When I think about the days of litres of wine, mountains of chocolate, iced donuts and pastries full of custard, I can really see how much progress I’ve made. That little bit of naughtiness helped me through a rough patch without stressing my body too badly, and it certainly didn’t suppress the release that eventually came.

Chocolate donuts

I do try to be good about what I put in my body when it comes to food, but sometimes you have to allow a little flexibility. A little bit of what you like does you no harm if most of the time you’re supporting your physical self in the way that works best for you. And guilt is not a useful path to follow, it was guilt over my father’s suicide that destroyed my self-esteem when I was in my late teens. Thirty years later I have at last rebuilt that aspect of self, I don’t do guilt anymore, instead I do my best to be compassionate to myself.
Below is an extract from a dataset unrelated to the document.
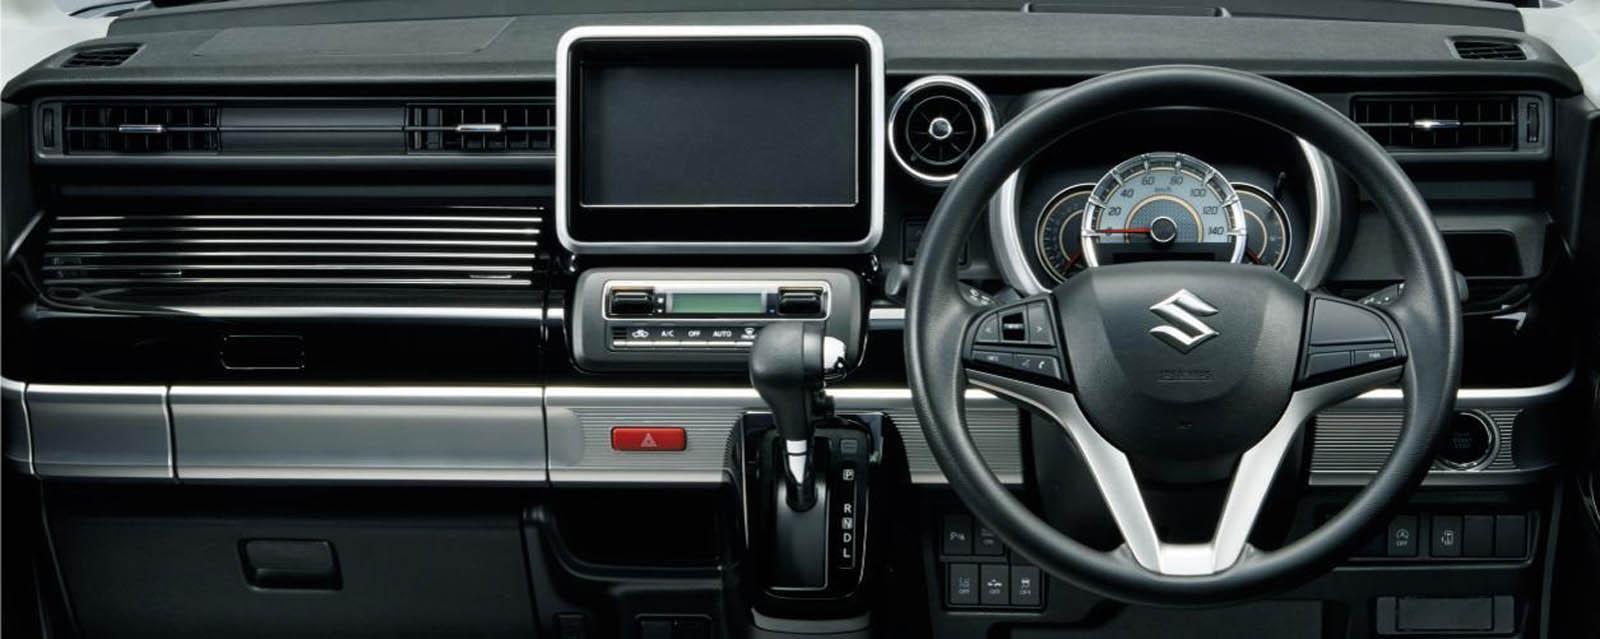 Suzuki Spacia 2018 (36)
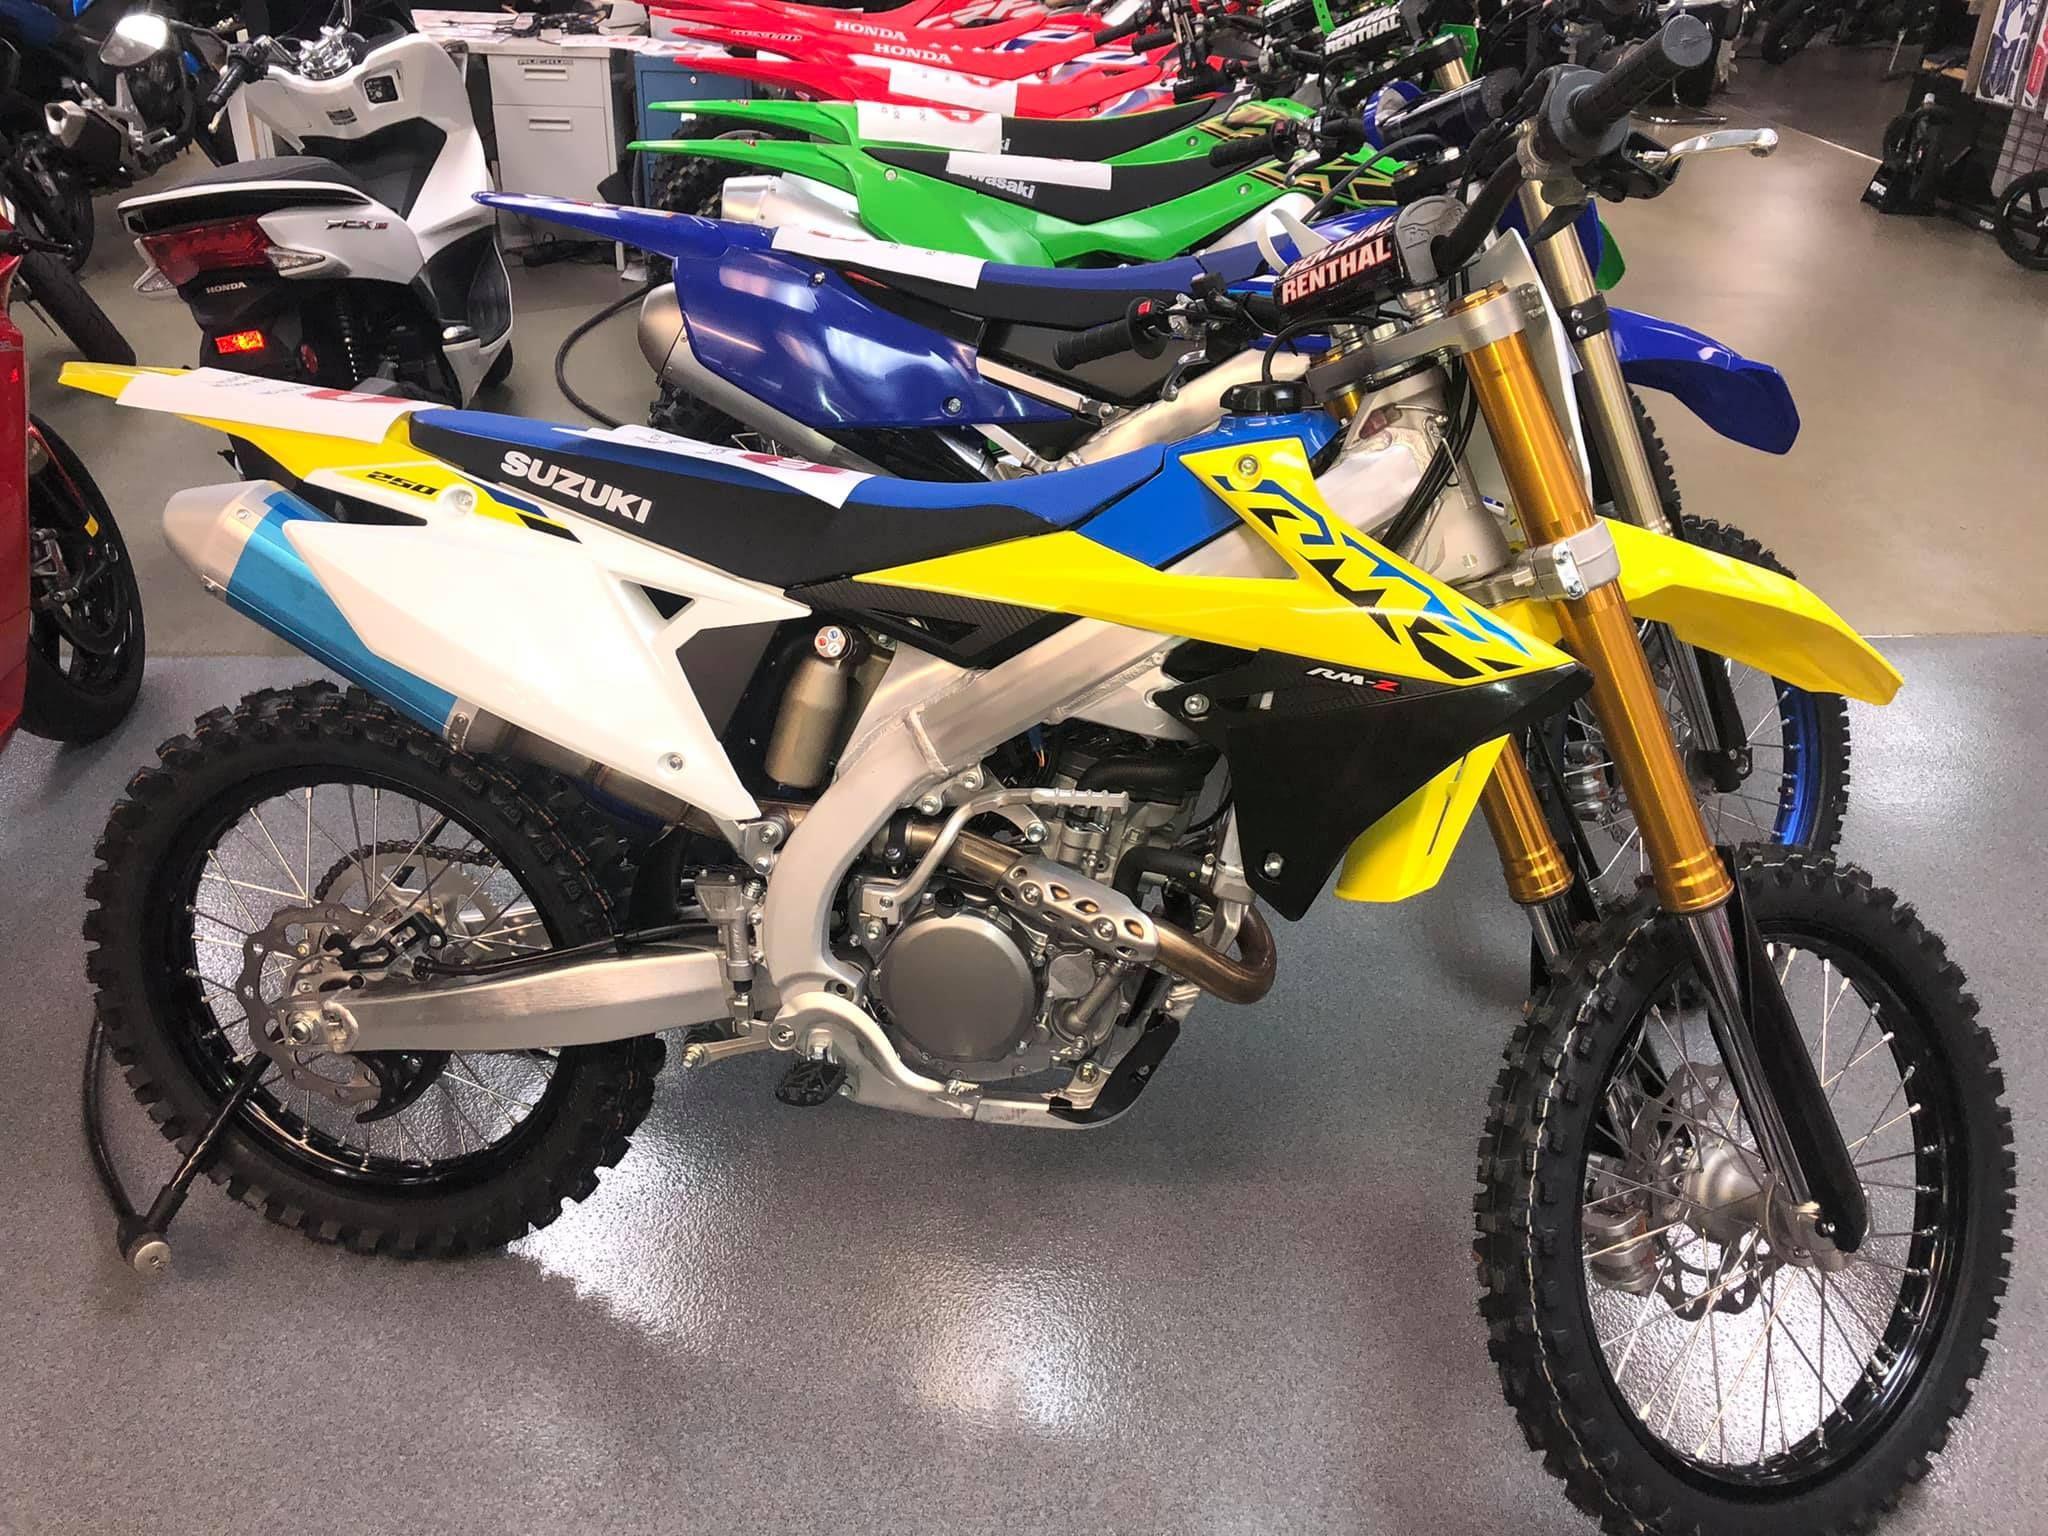 2021 Suzuki Rm Z250 For 7 899 00 In 2021 Suzuki Suzuki Motorcycle Dirtbikes

It always seems to come back to love, the big love, the one that holds everything together and connects all living things. By the end of that day I had found peace in myself, my heart felt soft, and I knew that I had let go once again of parts of me that were no longer serving my higher purpose.

The last couple of months have been huge for me, the biggest shifts I have experienced in quite a while, I don’t think it’s an accident that this is coinciding with the end of 2012 and the start of 2013. There are big changes happening everywhere, not always in places we can see with the human eye, but creating a wave of change that everyone can’t help but be affected by, whether they can sense it or not.

Bring it on I say, the current reality isn’t working and the change is well overdue!